── Collected data ──

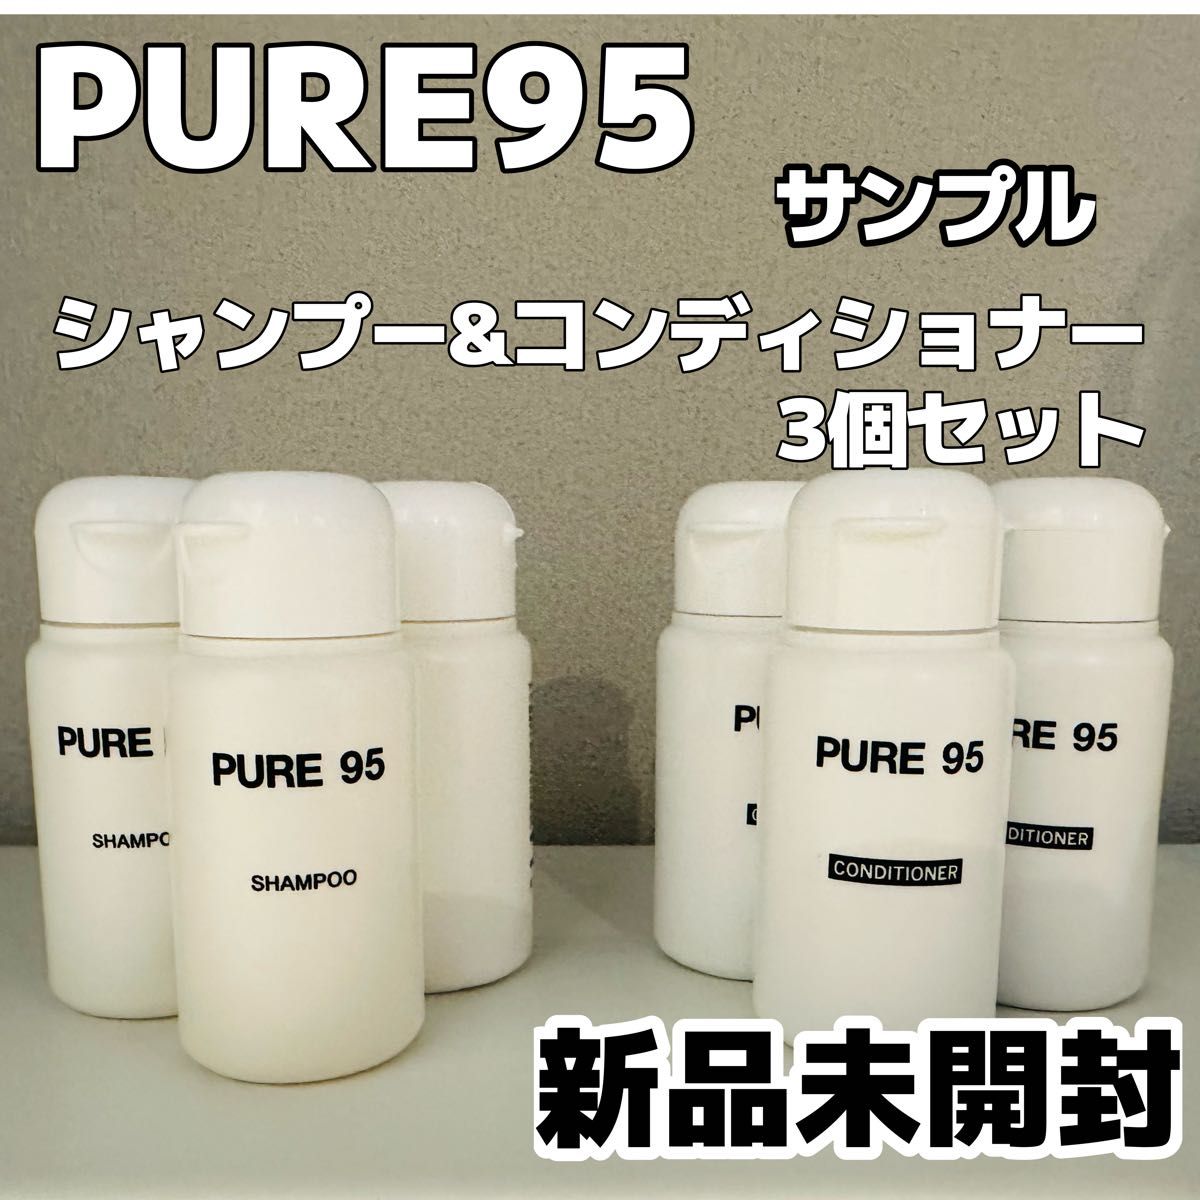 【新品未開封】PURE95 ピュア95 シャンプー コンディショナー セット サンプル 試供品 トラベル用 パーミングジャパン 
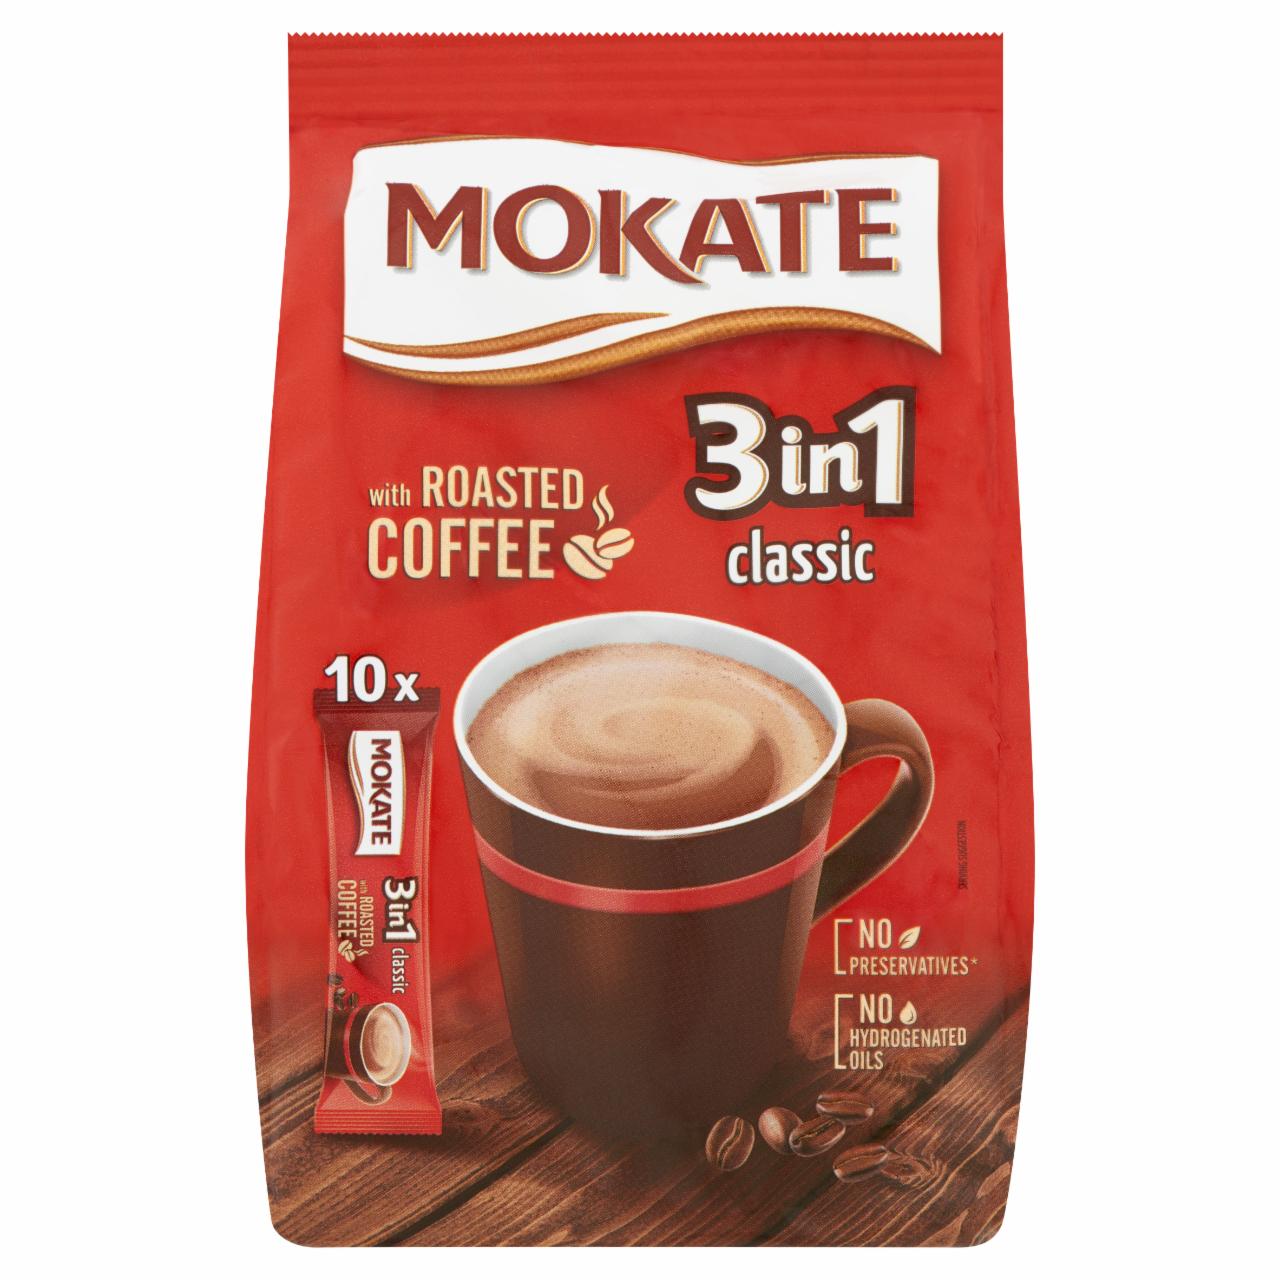 Képek - Mokate 3in1 Classic azonnal oldódó kávéspecialitás 10 db 170 g
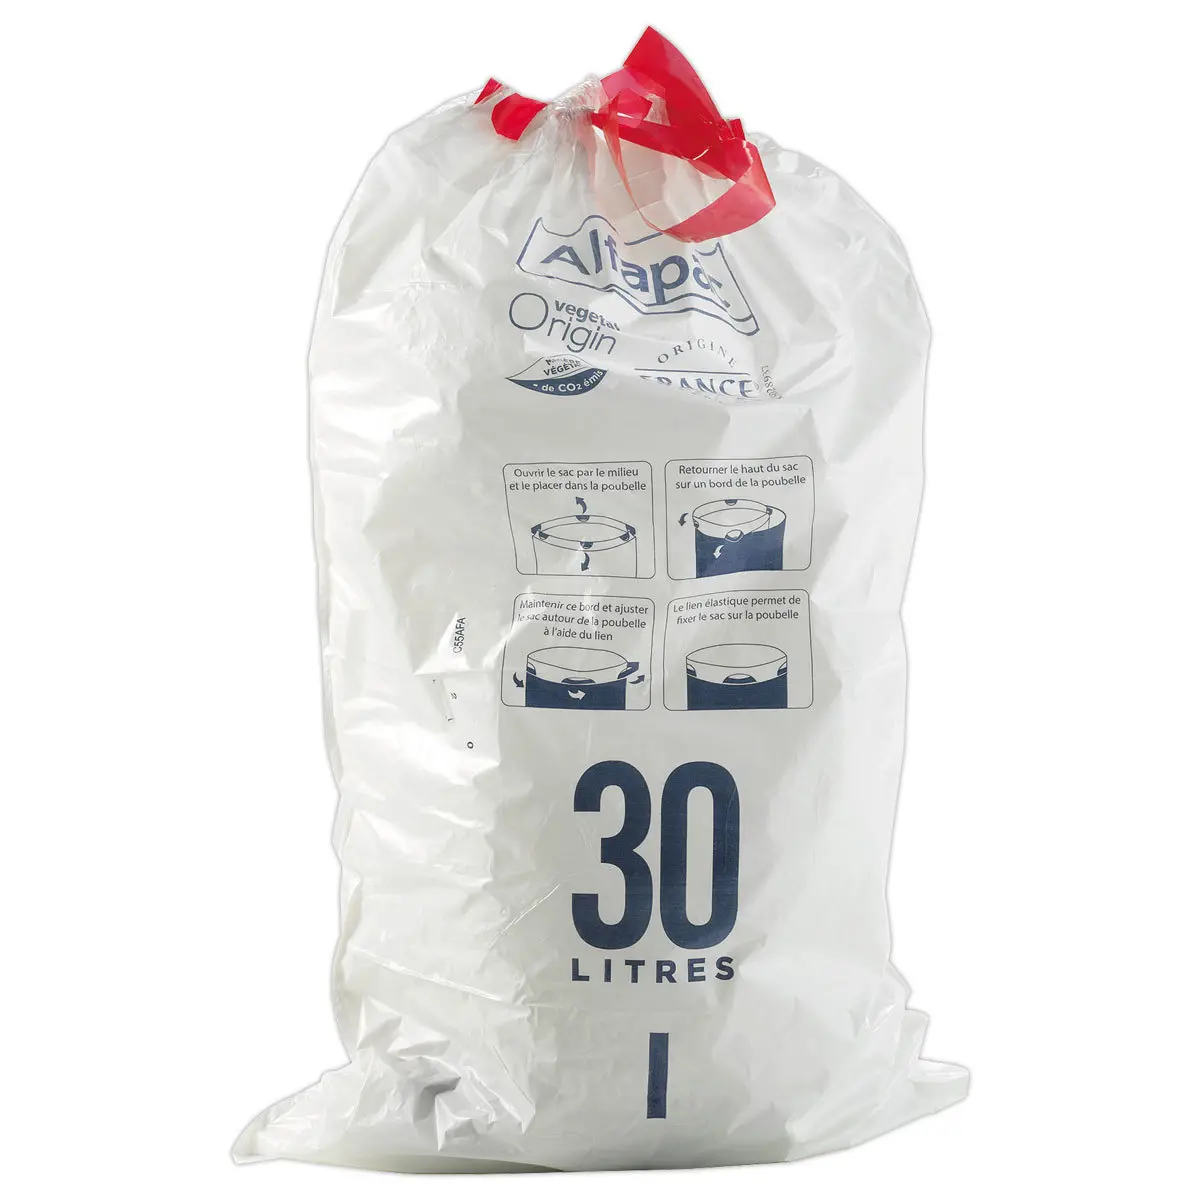 15 sacs poubelle haute à liens coulissants 30L (Alfapac)

───

● Exercise aim: Give back, word for word, the lines from the one containing "Képek - Mokate" through the last line of the listing above; include both ends and exclude the pictures.

● Result below:
 Képek - Mokate 3in1 Classic azonnal oldódó kávéspecialitás 10 db 170 g
 15 sacs poubelle haute à liens coulissants 30L (Alfapac)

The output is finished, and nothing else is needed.